News Brief: IMF's Fischer Says Turkey Program on Track

November 26, 2000


IMF First Deputy Managing Director Stanley Fischer said today that Turkey's IMF-supported economic program was on track and noted that the IMF's Executive Board is expected to consider in the third week of December the strengthened package of measures recently agreed by the Turkish authorities and IMF staff.1

"The disinflation and fiscal adjustment program launched by the Turkish government in late 1999 has achieved important results: inflation this year will be the lowest since the mid-1980s; growth has picked up strongly; and public indebtedness, which was rising steeply in relation to GDP last year, is now falling.

"However, the pace of disinflation has been less than targeted and the external current account balance has weakened more than anticipated, partly because of oil prices and partly because of the strength of the rebound in economic activity.

"Against this background, the authorities and the staff announced on November 15 agreement-for review by IMF Management and Executive Board-on a marked reinforcement of the policy package, including a further improvement in 2001 of the primary surplus of the public sector from 3 to 5 percent of GNP. 2 Structural policies are also to be strengthened, including importantly in the areas of banking and privatization.

"In Management's view, these policies represent an apt response to developments, geared as they are to containing excessive domestic demand pressures, raising domestic saving, and reducing the external current account deficit. Management expects the IMF's Executive Board to consider the policies in the third week of December.
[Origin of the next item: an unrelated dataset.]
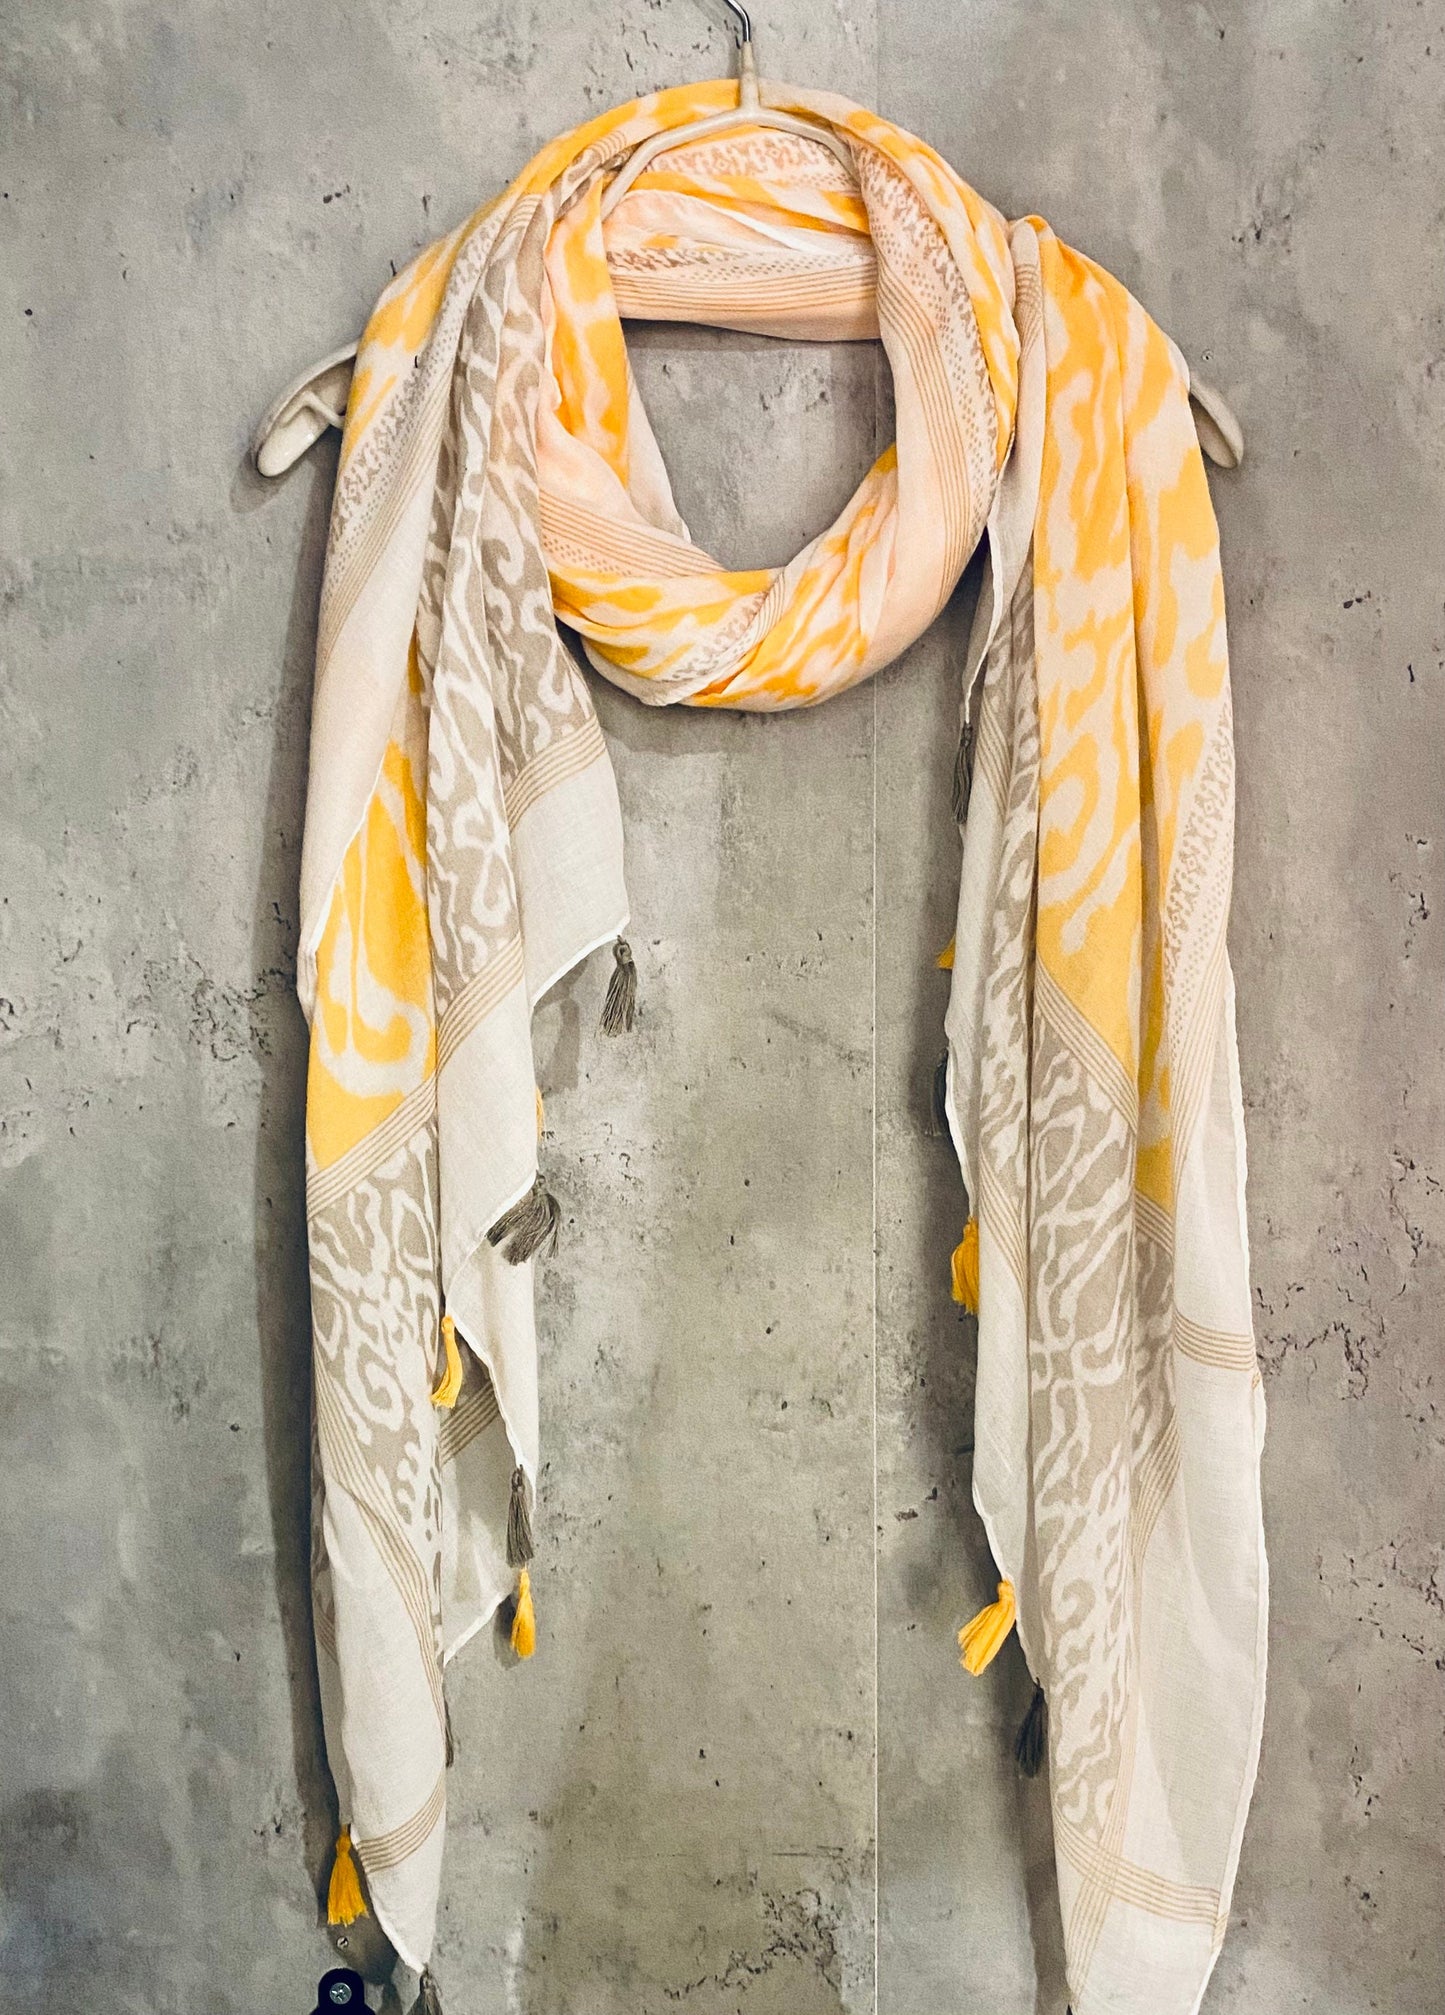 Bohemian Ikat Pattern with Tassels Yellow Beige Cotton Scarf/Spring Summer Scarf/Scarf Women/UK Seller/Gifts For Her Birthday/Gifts For Mom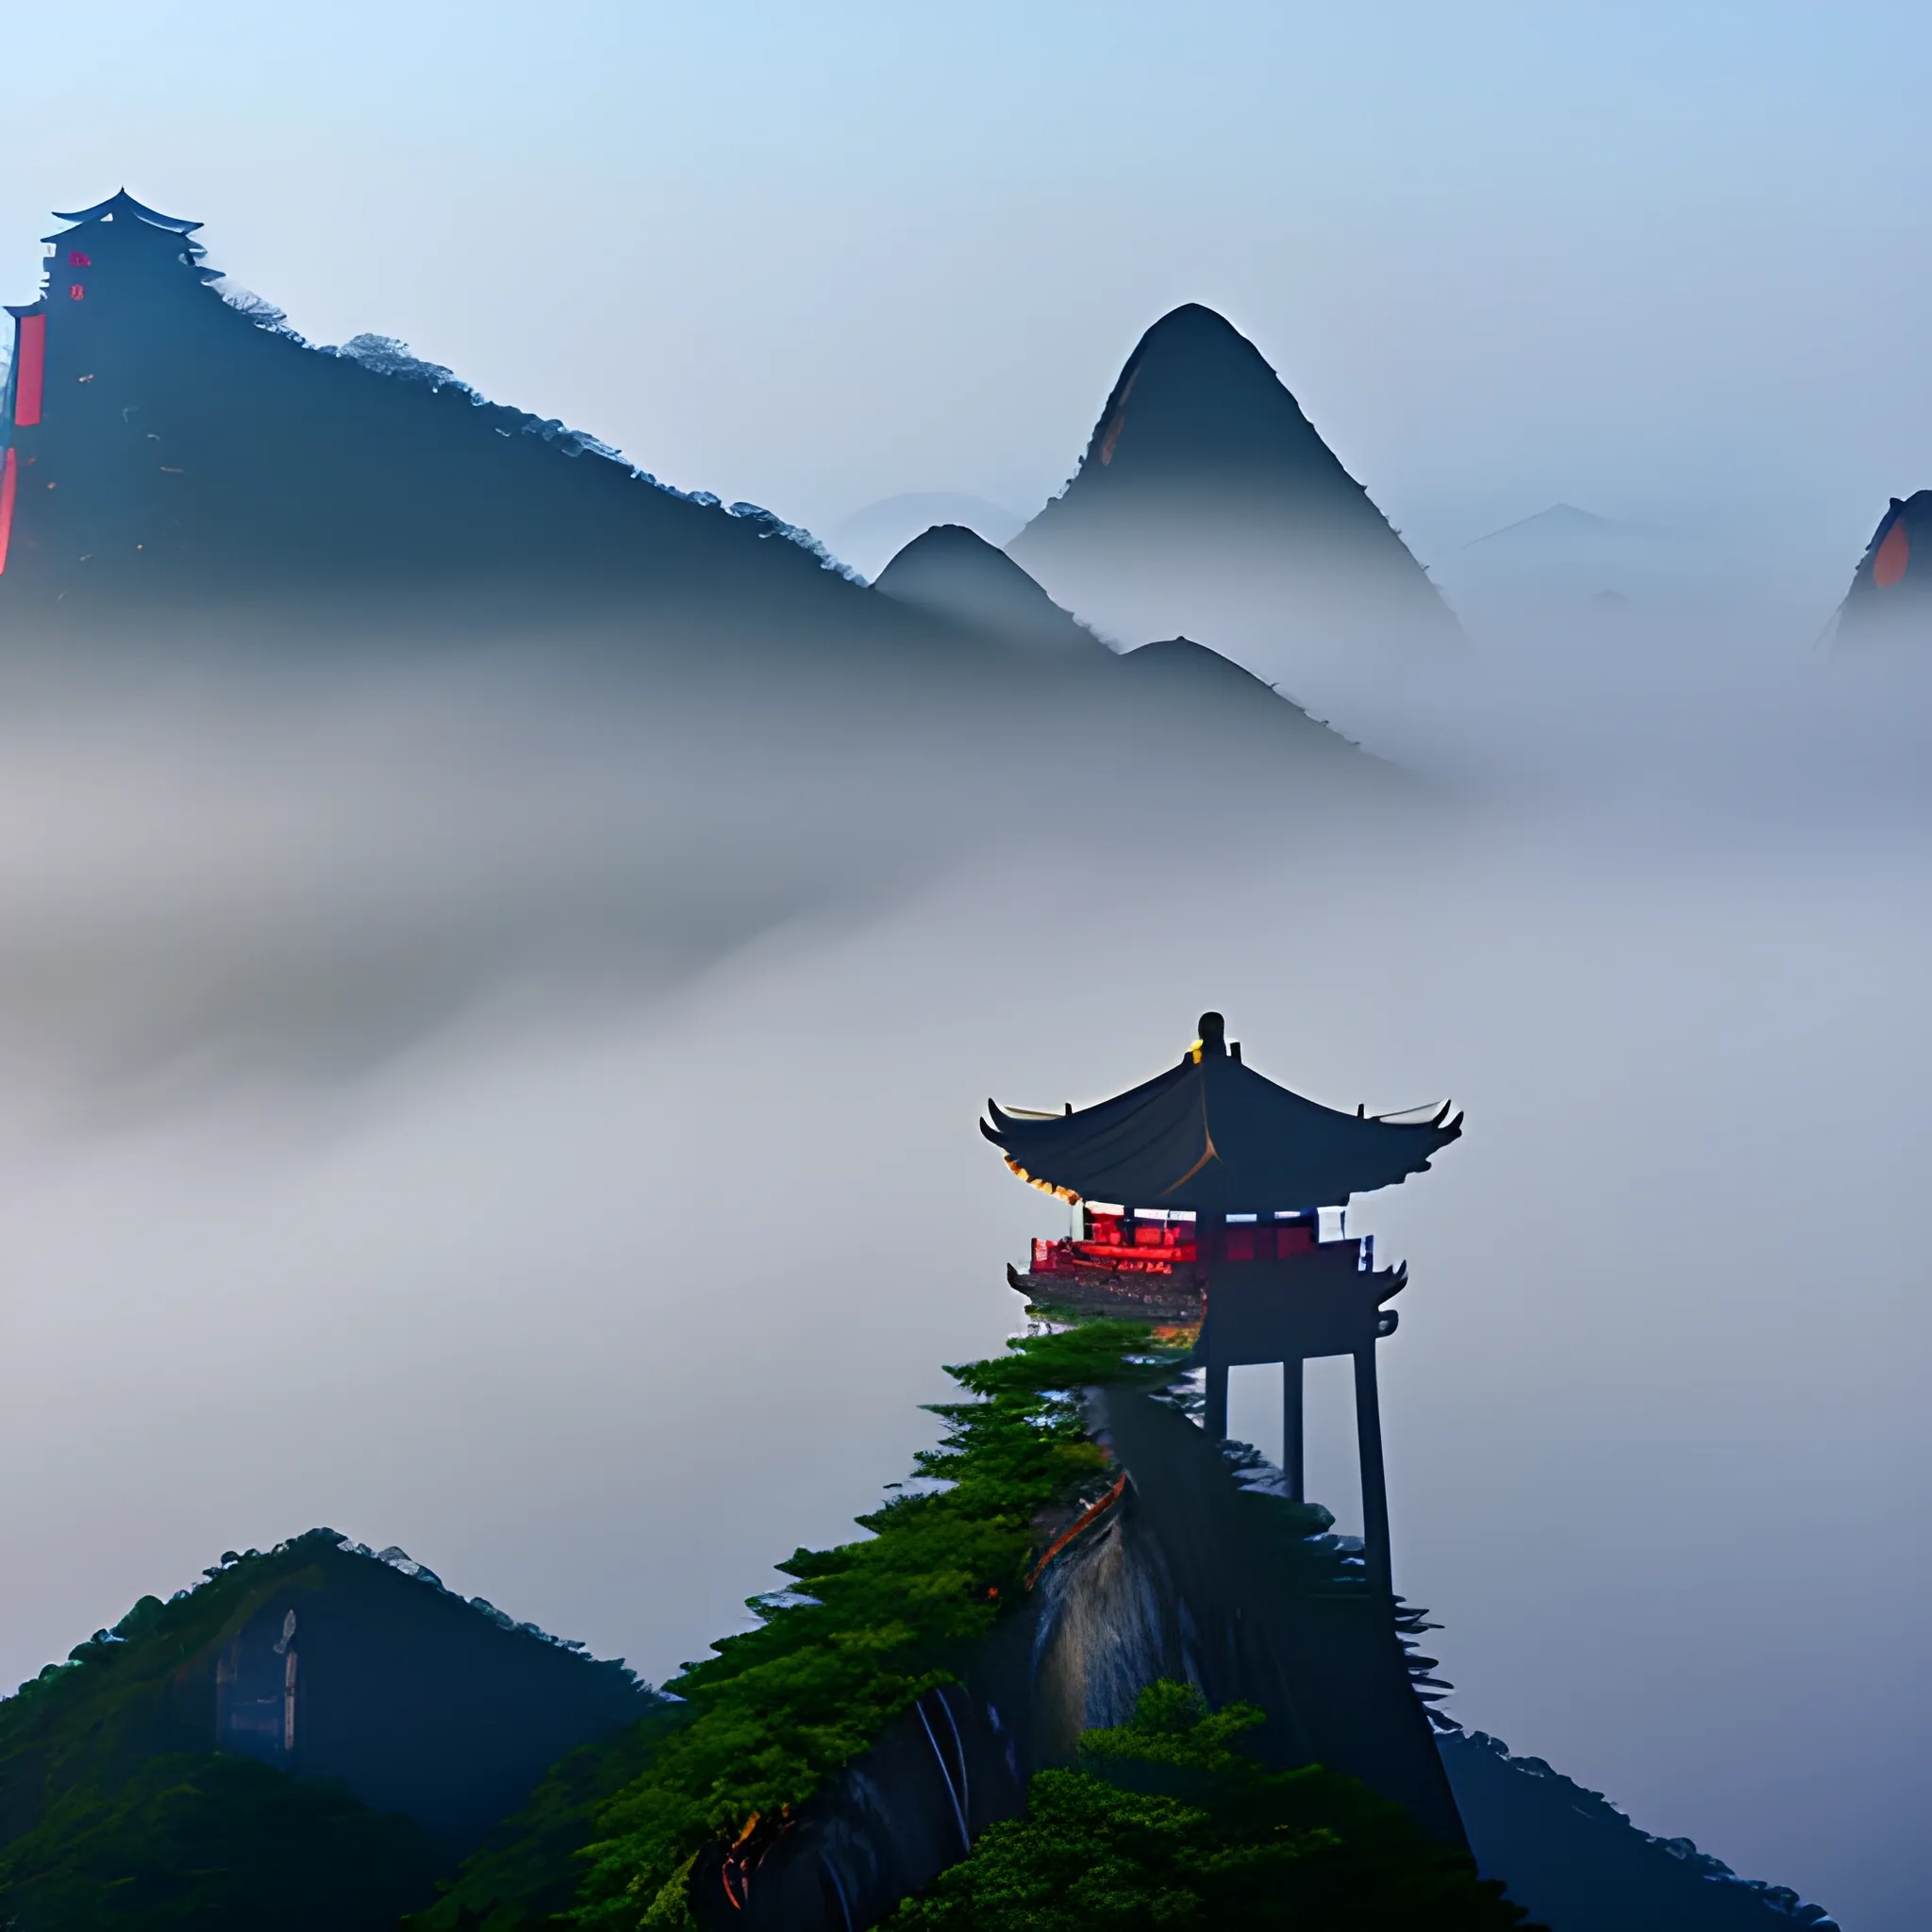 Chinese Huangshan mountain silhouette with a tiny pagoda on top of high mountains with fog

"More recently, money and foreign exchange market conditions have become quite volatile. Against the backdrop of the significantly more disciplined approach to banking supervision embedded in the program, the authorities' response has been twofold:

-a temporary easing of domestic liquidity constraints so as to avoid a disruption of domestic money market conditions; following this injection, the net domestic assets of the central bank are being gradually brought back into line with the quarterly framework specified in the program; and

-more fundamentally, accelerated adoption of the policy measures underlying the 2001 fiscal program, including the privatization aspects. To that end, they have enacted a first tax bill and intend to implement the balance of the measures by the end of November.

"In sum, the program is on track, and it is expected to remain so given the authorities' strong policies for 2001," Mr. Fischer said.


1 The Board meeting in December is to complete the third and fourth review under the three year standby with Turkey approved on December 22, 1999 for a total amount of SDR 2,892 million (about US$ 3.7 billion). Each tranche is for SDR 221.7 million (about US$283 million), of which three have already been disbursed. Two more would be disbursed upon completion of the third and fourth review.

2 The operational deficit of the public sector (i.e. the deficit adjusted for the erosion in the real value of public sector debt due to inflation) is projected to fall to 2 3/4 percent of GNP (a fall of more than 3 percent of GNP with respect to 2000). Public indebtedness in relation to GNP is projected to fall by almost 5 percentage points of GNP to about 56 percent.